[Data excerpts]
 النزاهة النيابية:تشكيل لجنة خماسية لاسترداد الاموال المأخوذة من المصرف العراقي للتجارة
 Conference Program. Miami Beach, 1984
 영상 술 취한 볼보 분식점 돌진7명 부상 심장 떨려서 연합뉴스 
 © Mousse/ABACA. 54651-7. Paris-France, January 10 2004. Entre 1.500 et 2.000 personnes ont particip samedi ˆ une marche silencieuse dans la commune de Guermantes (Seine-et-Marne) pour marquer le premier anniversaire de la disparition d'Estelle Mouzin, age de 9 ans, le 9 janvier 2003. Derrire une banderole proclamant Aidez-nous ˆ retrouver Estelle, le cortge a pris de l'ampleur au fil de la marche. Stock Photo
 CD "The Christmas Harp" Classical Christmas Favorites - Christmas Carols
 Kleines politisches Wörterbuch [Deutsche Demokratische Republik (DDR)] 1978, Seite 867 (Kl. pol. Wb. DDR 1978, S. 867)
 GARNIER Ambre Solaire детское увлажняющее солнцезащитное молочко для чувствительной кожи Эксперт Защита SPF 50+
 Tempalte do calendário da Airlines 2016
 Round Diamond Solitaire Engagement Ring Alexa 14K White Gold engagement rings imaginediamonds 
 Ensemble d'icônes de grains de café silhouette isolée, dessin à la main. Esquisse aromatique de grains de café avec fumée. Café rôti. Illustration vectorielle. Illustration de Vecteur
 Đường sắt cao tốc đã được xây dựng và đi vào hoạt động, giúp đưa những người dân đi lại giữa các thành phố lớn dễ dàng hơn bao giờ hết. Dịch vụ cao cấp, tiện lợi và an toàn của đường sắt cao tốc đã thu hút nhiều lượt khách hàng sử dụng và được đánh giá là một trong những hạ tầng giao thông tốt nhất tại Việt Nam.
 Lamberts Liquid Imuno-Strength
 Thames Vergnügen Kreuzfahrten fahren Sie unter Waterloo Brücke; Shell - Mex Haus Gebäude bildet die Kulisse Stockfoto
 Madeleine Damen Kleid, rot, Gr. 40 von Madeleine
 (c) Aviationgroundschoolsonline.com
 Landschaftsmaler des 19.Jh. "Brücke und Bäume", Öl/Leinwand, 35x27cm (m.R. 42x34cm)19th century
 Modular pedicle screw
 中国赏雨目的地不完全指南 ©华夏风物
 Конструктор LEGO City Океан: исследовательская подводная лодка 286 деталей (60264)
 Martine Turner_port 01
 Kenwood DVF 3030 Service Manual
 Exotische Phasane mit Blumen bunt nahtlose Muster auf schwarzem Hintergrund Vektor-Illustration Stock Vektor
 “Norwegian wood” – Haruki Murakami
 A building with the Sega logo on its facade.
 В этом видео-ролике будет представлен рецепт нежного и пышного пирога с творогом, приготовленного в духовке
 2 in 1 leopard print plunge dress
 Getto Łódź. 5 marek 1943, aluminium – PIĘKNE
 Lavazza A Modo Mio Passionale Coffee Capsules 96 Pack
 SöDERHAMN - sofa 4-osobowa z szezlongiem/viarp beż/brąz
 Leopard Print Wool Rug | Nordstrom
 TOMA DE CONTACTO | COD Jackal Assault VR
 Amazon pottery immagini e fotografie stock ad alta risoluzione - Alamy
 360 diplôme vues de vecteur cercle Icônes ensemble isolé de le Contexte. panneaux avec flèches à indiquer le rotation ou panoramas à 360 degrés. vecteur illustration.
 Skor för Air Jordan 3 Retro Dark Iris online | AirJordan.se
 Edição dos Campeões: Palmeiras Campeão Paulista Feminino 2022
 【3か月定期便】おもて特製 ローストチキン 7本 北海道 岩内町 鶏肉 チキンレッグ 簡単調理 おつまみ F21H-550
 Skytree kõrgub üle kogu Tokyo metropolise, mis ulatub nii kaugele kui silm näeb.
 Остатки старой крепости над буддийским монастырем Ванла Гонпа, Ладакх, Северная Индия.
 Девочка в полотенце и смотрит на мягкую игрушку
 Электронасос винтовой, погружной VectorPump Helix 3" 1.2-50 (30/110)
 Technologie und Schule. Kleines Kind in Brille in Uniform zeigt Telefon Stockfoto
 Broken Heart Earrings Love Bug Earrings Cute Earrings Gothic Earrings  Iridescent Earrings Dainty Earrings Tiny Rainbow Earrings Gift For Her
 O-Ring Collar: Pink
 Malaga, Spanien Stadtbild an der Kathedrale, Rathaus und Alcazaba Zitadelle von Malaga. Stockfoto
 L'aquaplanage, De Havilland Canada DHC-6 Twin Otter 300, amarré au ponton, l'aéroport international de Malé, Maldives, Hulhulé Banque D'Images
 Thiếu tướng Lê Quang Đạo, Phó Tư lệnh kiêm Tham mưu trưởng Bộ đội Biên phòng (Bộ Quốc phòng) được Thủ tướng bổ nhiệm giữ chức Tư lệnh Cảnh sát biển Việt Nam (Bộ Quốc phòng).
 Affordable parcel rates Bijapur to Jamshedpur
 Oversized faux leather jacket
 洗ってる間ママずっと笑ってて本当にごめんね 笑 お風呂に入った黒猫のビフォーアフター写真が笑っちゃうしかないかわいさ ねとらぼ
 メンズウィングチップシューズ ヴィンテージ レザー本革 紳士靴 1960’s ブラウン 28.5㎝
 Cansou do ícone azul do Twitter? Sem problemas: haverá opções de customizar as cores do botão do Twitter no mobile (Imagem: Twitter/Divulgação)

* _ASSIGNED TASK_: Nothing in the data should be altered; please repeat it exactly.

* _RESPONSE TO THIS TASK_:
 النزاهة النيابية:تشكيل لجنة خماسية لاسترداد الاموال المأخوذة من المصرف العراقي للتجارة
 Conference Program. Miami Beach, 1984
 영상 술 취한 볼보 분식점 돌진7명 부상 심장 떨려서 연합뉴스 
 © Mousse/ABACA. 54651-7. Paris-France, January 10 2004. Entre 1.500 et 2.000 personnes ont particip samedi ˆ une marche silencieuse dans la commune de Guermantes (Seine-et-Marne) pour marquer le premier anniversaire de la disparition d'Estelle Mouzin, age de 9 ans, le 9 janvier 2003. Derrire une banderole proclamant Aidez-nous ˆ retrouver Estelle, le cortge a pris de l'ampleur au fil de la marche. Stock Photo
 CD "The Christmas Harp" Classical Christmas Favorites - Christmas Carols
 Kleines politisches Wörterbuch [Deutsche Demokratische Republik (DDR)] 1978, Seite 867 (Kl. pol. Wb. DDR 1978, S. 867)
 GARNIER Ambre Solaire детское увлажняющее солнцезащитное молочко для чувствительной кожи Эксперт Защита SPF 50+
 Tempalte do calendário da Airlines 2016
 Round Diamond Solitaire Engagement Ring Alexa 14K White Gold engagement rings imaginediamonds 
 Ensemble d'icônes de grains de café silhouette isolée, dessin à la main. Esquisse aromatique de grains de café avec fumée. Café rôti. Illustration vectorielle. Illustration de Vecteur
 Đường sắt cao tốc đã được xây dựng và đi vào hoạt động, giúp đưa những người dân đi lại giữa các thành phố lớn dễ dàng hơn bao giờ hết. Dịch vụ cao cấp, tiện lợi và an toàn của đường sắt cao tốc đã thu hút nhiều lượt khách hàng sử dụng và được đánh giá là một trong những hạ tầng giao thông tốt nhất tại Việt Nam.
 Lamberts Liquid Imuno-Strength
 Thames Vergnügen Kreuzfahrten fahren Sie unter Waterloo Brücke; Shell - Mex Haus Gebäude bildet die Kulisse Stockfoto
 Madeleine Damen Kleid, rot, Gr. 40 von Madeleine
 (c) Aviationgroundschoolsonline.com
 Landschaftsmaler des 19.Jh. "Brücke und Bäume", Öl/Leinwand, 35x27cm (m.R. 42x34cm)19th century
 Modular pedicle screw
 中国赏雨目的地不完全指南 ©华夏风物
 Конструктор LEGO City Океан: исследовательская подводная лодка 286 деталей (60264)
 Martine Turner_port 01
 Kenwood DVF 3030 Service Manual
 Exotische Phasane mit Blumen bunt nahtlose Muster auf schwarzem Hintergrund Vektor-Illustration Stock Vektor
 “Norwegian wood” – Haruki Murakami
 A building with the Sega logo on its facade.
 В этом видео-ролике будет представлен рецепт нежного и пышного пирога с творогом, приготовленного в духовке
 2 in 1 leopard print plunge dress
 Getto Łódź. 5 marek 1943, aluminium – PIĘKNE
 Lavazza A Modo Mio Passionale Coffee Capsules 96 Pack
 SöDERHAMN - sofa 4-osobowa z szezlongiem/viarp beż/brąz
 Leopard Print Wool Rug | Nordstrom
 TOMA DE CONTACTO | COD Jackal Assault VR
 Amazon pottery immagini e fotografie stock ad alta risoluzione - Alamy
 360 diplôme vues de vecteur cercle Icônes ensemble isolé de le Contexte. panneaux avec flèches à indiquer le rotation ou panoramas à 360 degrés. vecteur illustration.
 Skor för Air Jordan 3 Retro Dark Iris online | AirJordan.se
 Edição dos Campeões: Palmeiras Campeão Paulista Feminino 2022
 【3か月定期便】おもて特製 ローストチキン 7本 北海道 岩内町 鶏肉 チキンレッグ 簡単調理 おつまみ F21H-550
 Skytree kõrgub üle kogu Tokyo metropolise, mis ulatub nii kaugele kui silm näeb.
 Остатки старой крепости над буддийским монастырем Ванла Гонпа, Ладакх, Северная Индия.
 Девочка в полотенце и смотрит на мягкую игрушку
 Электронасос винтовой, погружной VectorPump Helix 3" 1.2-50 (30/110)
 Technologie und Schule. Kleines Kind in Brille in Uniform zeigt Telefon Stockfoto
 Broken Heart Earrings Love Bug Earrings Cute Earrings Gothic Earrings  Iridescent Earrings Dainty Earrings Tiny Rainbow Earrings Gift For Her
 O-Ring Collar: Pink
 Malaga, Spanien Stadtbild an der Kathedrale, Rathaus und Alcazaba Zitadelle von Malaga. Stockfoto
 L'aquaplanage, De Havilland Canada DHC-6 Twin Otter 300, amarré au ponton, l'aéroport international de Malé, Maldives, Hulhulé Banque D'Images
 Thiếu tướng Lê Quang Đạo, Phó Tư lệnh kiêm Tham mưu trưởng Bộ đội Biên phòng (Bộ Quốc phòng) được Thủ tướng bổ nhiệm giữ chức Tư lệnh Cảnh sát biển Việt Nam (Bộ Quốc phòng).
 Affordable parcel rates Bijapur to Jamshedpur
 Oversized faux leather jacket
 洗ってる間ママずっと笑ってて本当にごめんね 笑 お風呂に入った黒猫のビフォーアフター写真が笑っちゃうしかないかわいさ ねとらぼ
 メンズウィングチップシューズ ヴィンテージ レザー本革 紳士靴 1960’s ブラウン 28.5㎝
 Cansou do ícone azul do Twitter? Sem problemas: haverá opções de customizar as cores do botão do Twitter no mobile (Imagem: Twitter/Divulgação)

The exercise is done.